- Conference: Pacific-10 Conference
- Record: 13–16 (7–11 Pac-10)
- Head coach: Dick Bennett (1st season);
- Assistant coach: Tony Bennett
- Home arena: Beasley Coliseum

= 2003–04 Washington State Cougars men's basketball team =

American college basketball season

The 2003–04 Washington State Cougars men's basketball team represented Washington State University for the 2003–04 NCAA Division I men's basketball season. Led by third-year head coach Dick Bennett, the Cougars were members of the Pacific-10 Conference and played their home games on campus at Beasley Coliseum in Pullman, Washington.

The Cougars were 13–15 overall in the regular season and 7–11 in conference play, tied for seventh in the standings.

Seeded eighth in the conference tournament, the Cougars met top seed and second-ranked Stanford in the quarterfinal round and lost by 21 points.

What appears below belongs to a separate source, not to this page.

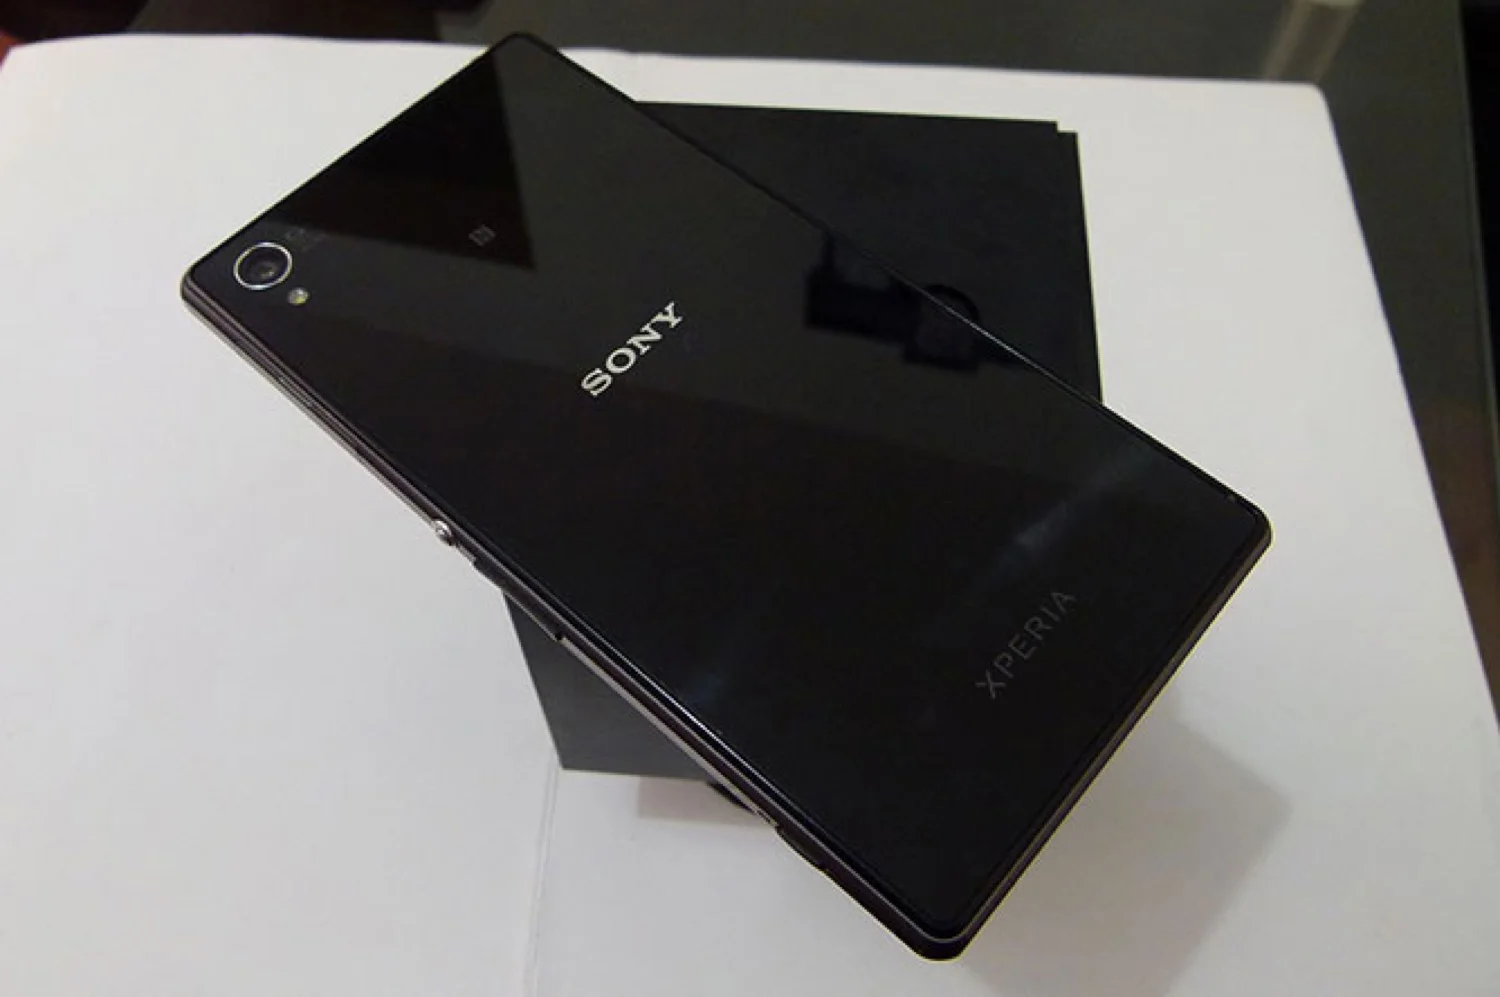 Review del smartphone Sony Xperia Z1 y accesorios

Bennett was hired in March 2003; he was formerly the head coach at Wisconsin.

==Postseason result==

| Date time, TV | Opponent | Result | Record | Site (attendance) city, state |
Pacific-10 Tournament
| Thu, March 8 12:15 pm, FSN | vs. No. 2 (1) Stanford Quarterfinal | L 47–68 | 13–16 | Staples Center Los Angeles, California |
*Non-conference game. ^{#}Rankings from AP poll. (#) Tournament seedings in parentheses. All times are in Pacific time.